Et ils partirent dans une Phantom II, on the road

Ce monologue passionné et, qu’on se rassure, totalement fantasmé ne m’est pourtant pas venu immédiatement à la lecture du Sermon sur la Chute de Rome. En effet, je dois confesser avoir d’abord ressenti une certaine déception. Le fait de vouloir illustrer par un exemple contemporain la vacuité du monde décrite par saint Augustin dans le sermon éponyme m’a semblé un peu factice, voire un poil cuistre. La déréliction annoncée m’avait laissée un arrière-goût de facilité, le sentiment que Jéjé, pardon, Jérôme Ferrari reniait sa capacité formidable à dépeindre le monde en nuances de gris, qui faisait de Où j’ai laissé mon âme un vrai livre intemporel avec de vrais morceaux de condition humaine dedans.

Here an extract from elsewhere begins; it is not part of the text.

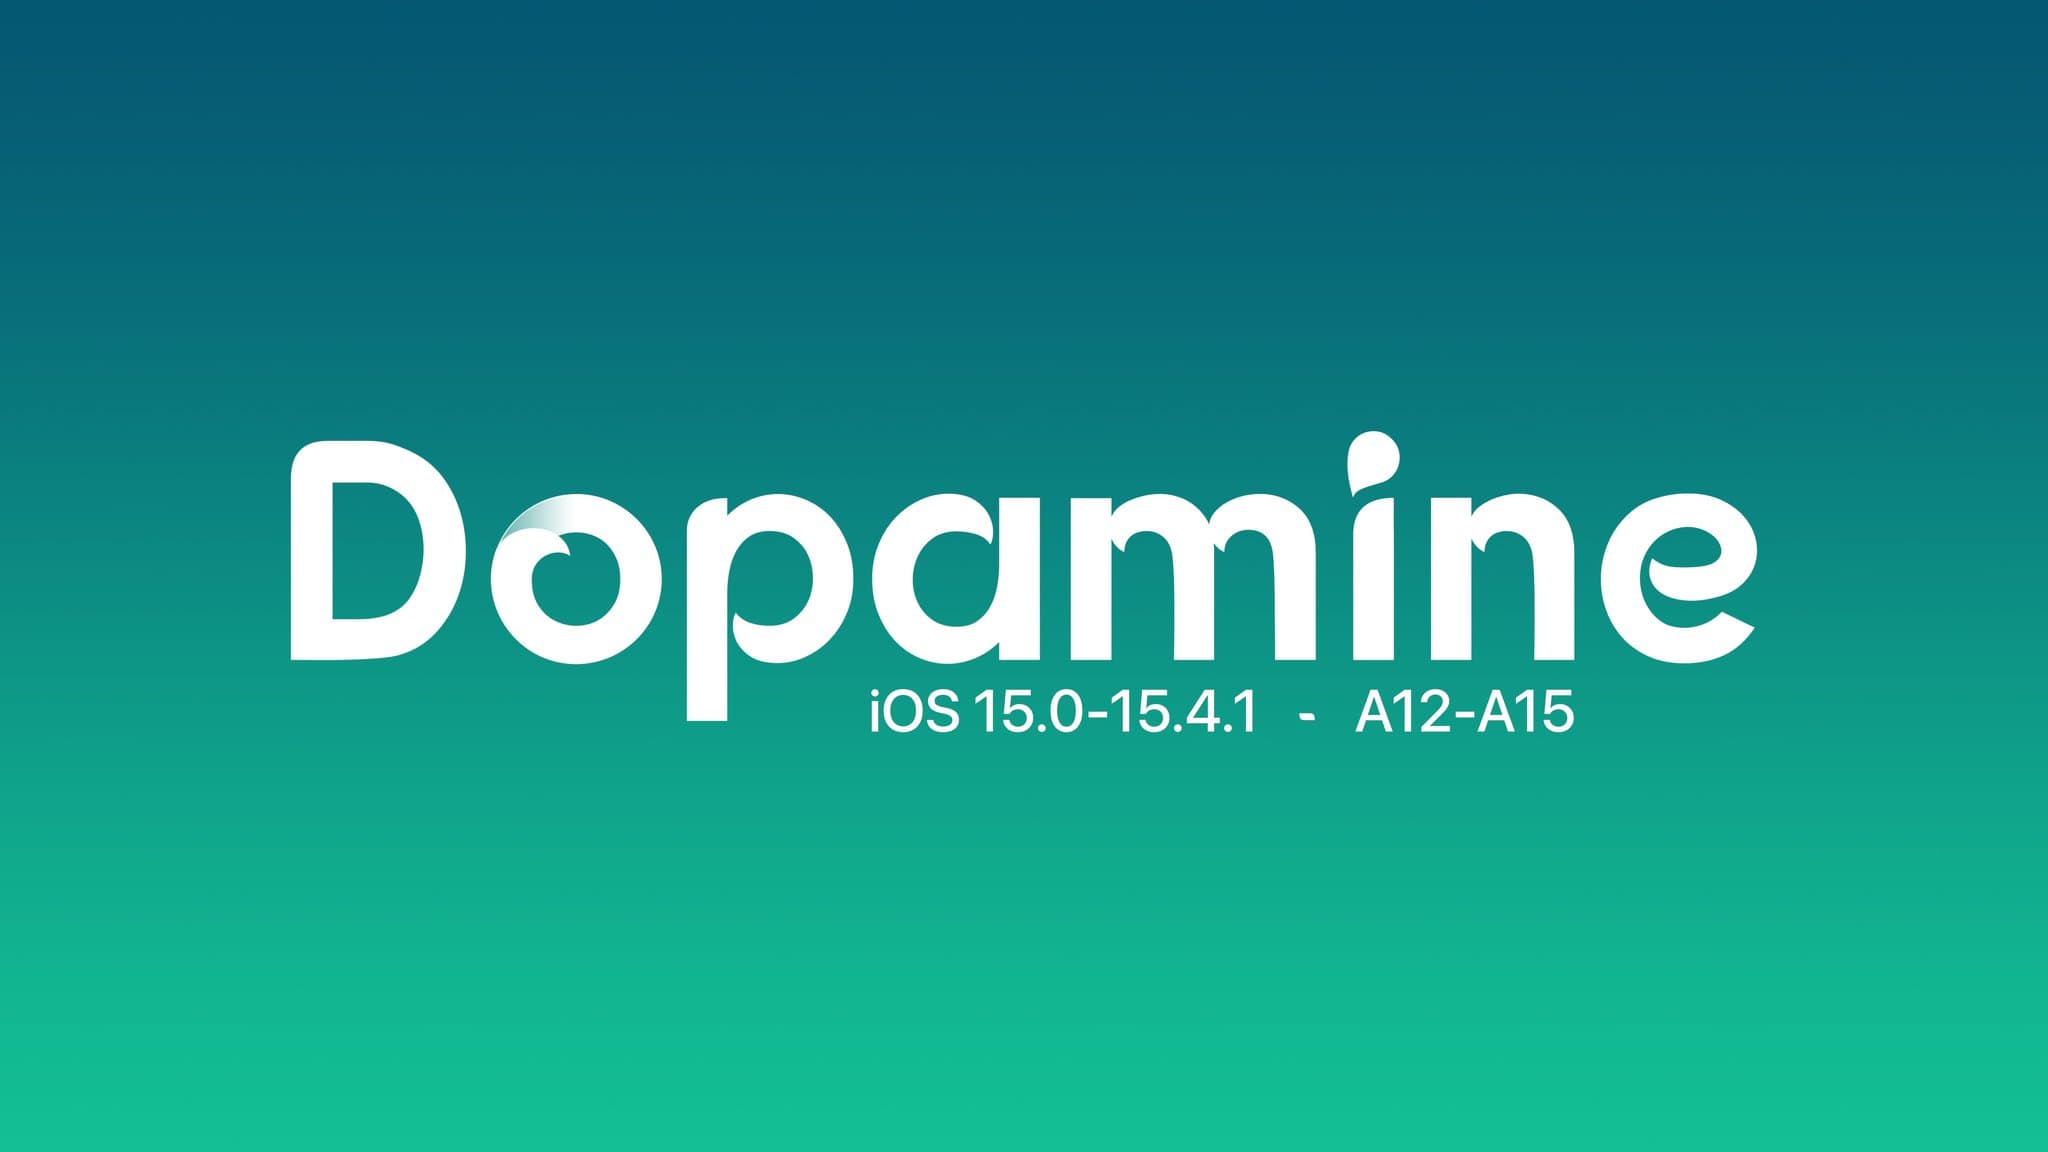 Cách jailbreak iOS 15.0 - 16.6.1 bằng Dopamine (thiết bị A12 - A16) 99

Mais si l’objet de ce nouveau roman me touche moins que celle de son précédent, Jéjé reste un magicien de la langue, qui halète ses phrases, les fait vivre par son sens du rythme, se joue d’elles comme un jongleur surdoué. Là où la plupart des auteurs français semblent craindre la métaphore, la période ample et l’hyperbole, Ferrari les manie avec un art consommé. Et le lecteur époustouflé de s’écrier : Ferrari, c’est vraiment la Rolls de la littérature française !!! (Savourez bien ce calembour douteux car je crains qu’avec lui ne s’envolent mes chances de convoler… )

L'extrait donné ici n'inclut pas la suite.